In the operation process of the scraper, impurities can enter the installation cavity 211 and gradually accumulate in the installation cavity 211, on one hand, the impurities entering the installation cavity 211 can generate thrust to the impurities already positioned in the installation cavity 211, and part of impurities can enter the sewage storage cavity 11 from the sewage draining hole 212 under the action of the thrust; on the other hand, the rotation of the ball 22 gives a moving force to the foreign matters in the installation cavity 211, and the moving force can promote the foreign matters in the installation cavity 211 to enter the dirt storage cavity 11; on the other hand, the scraper is turned over during operation, so that when the balls 22 face upwards relative to the scraper body 1, the impurities can move towards the dirt storage cavity 11 under the action of self gravity. As can be seen, a portion of the impurities can be stored in the dirt storage chamber 11, so that the impurities are prevented from being accumulated in the installation chamber 211 and compacted, and the occurrence of the phenomenon that the compacted impurities lock the balls 22 is reduced. In addition, some of the impurities left in the installation cavity 211 can lubricate the balls 22, for example, in a coal mine, the coal slime entering the installation cavity 211 can lubricate the balls 22, and the rolling performance of the balls 22 is improved.

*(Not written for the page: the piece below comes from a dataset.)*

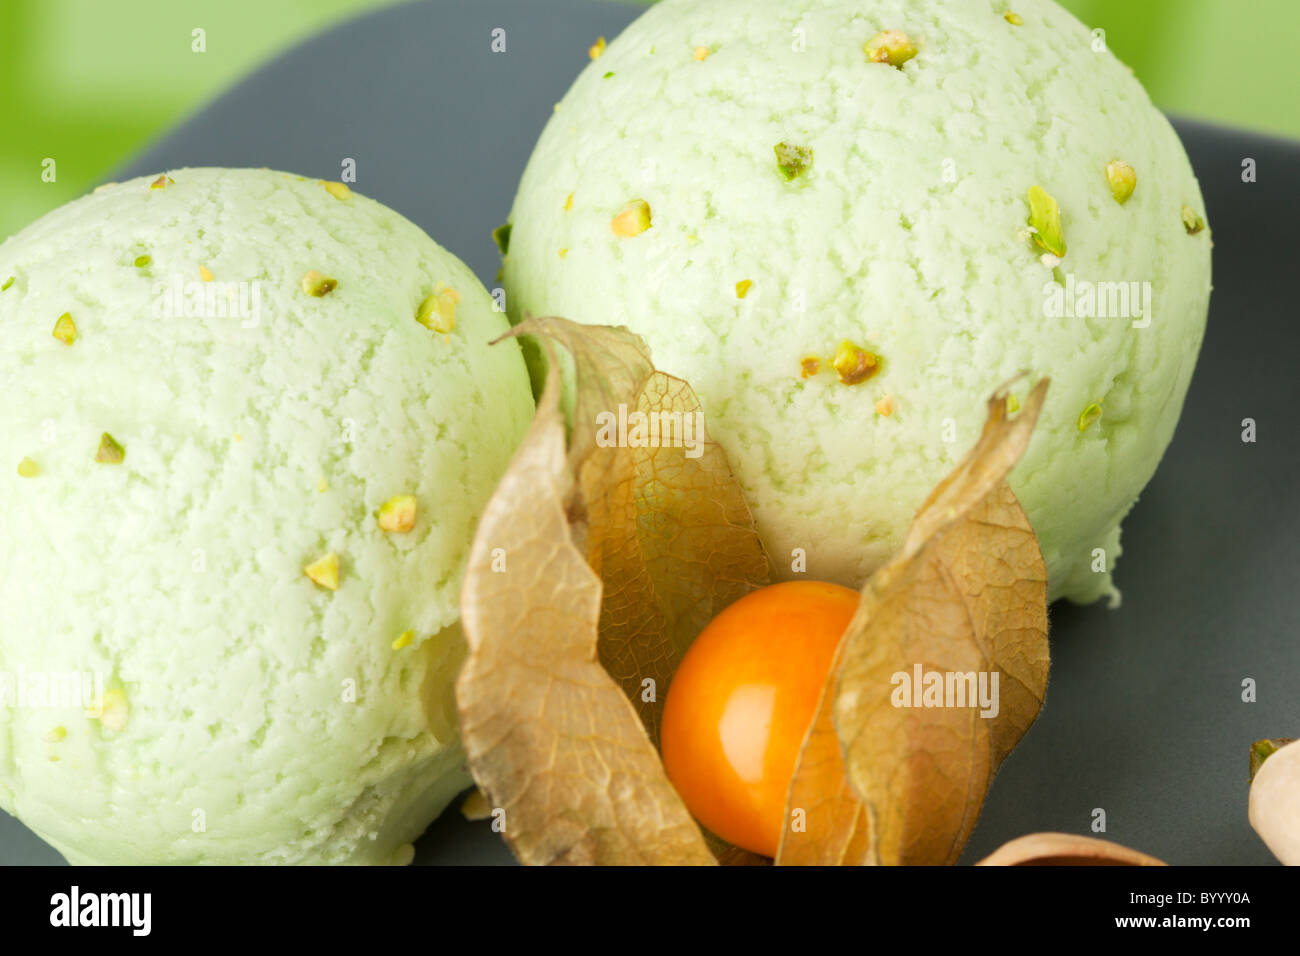 two scoops of pistachio ice cream and a winter cherry fruit Stock Photo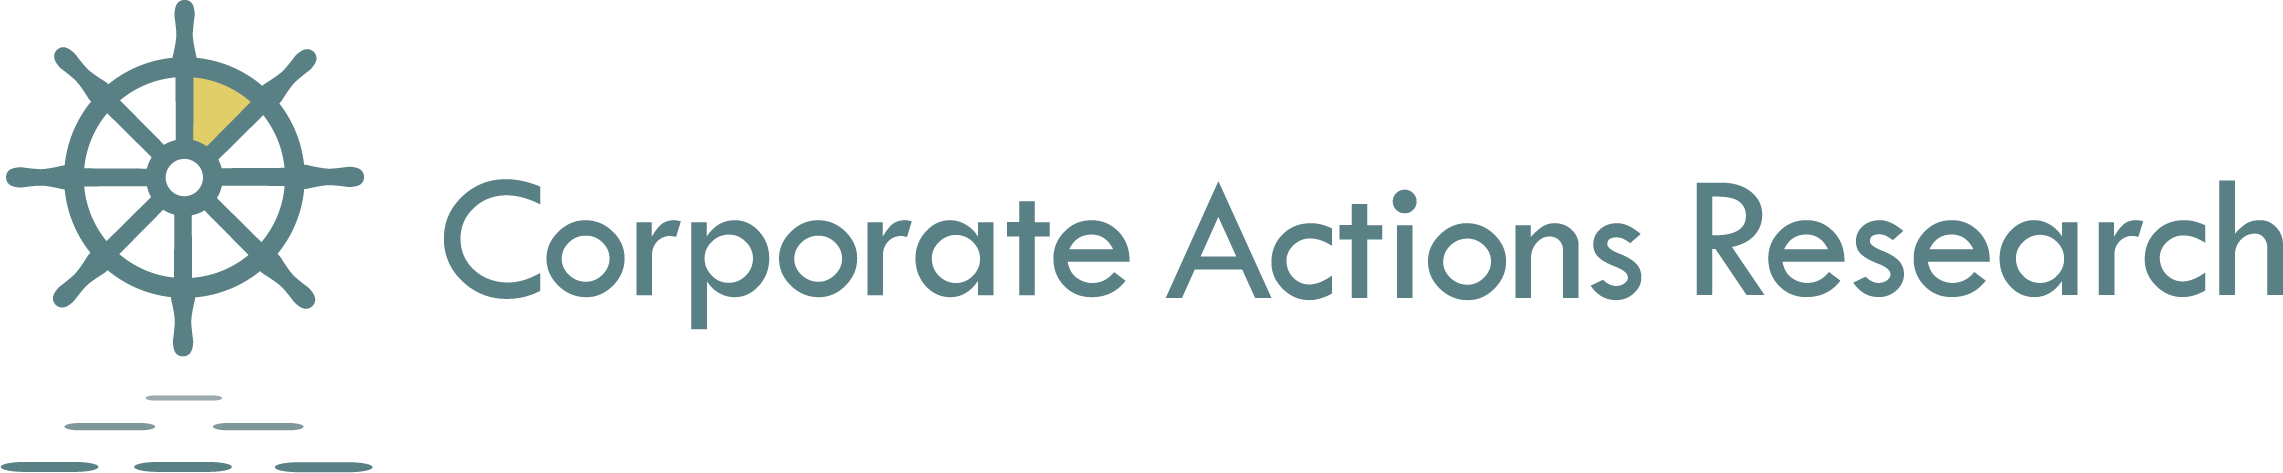 Corporate Actions Research, Inc.

In combining to concrete scene, the scraper blade can receive the impact when using and produce the vibration, and this application is through having set up dirt storage chamber 11 and fixed orifices 12 at the scraper blade, has just utilized the characteristics of scraper blade vibration, and it has following advantage:

first, part of vibration is transferred to the rolling element 2, so that impurities in the rolling element 2 can have certain loosening fluidity, and the easiness of the impurities entering the sewage storage cavity 11 from the sewage draining hole 212 can be increased.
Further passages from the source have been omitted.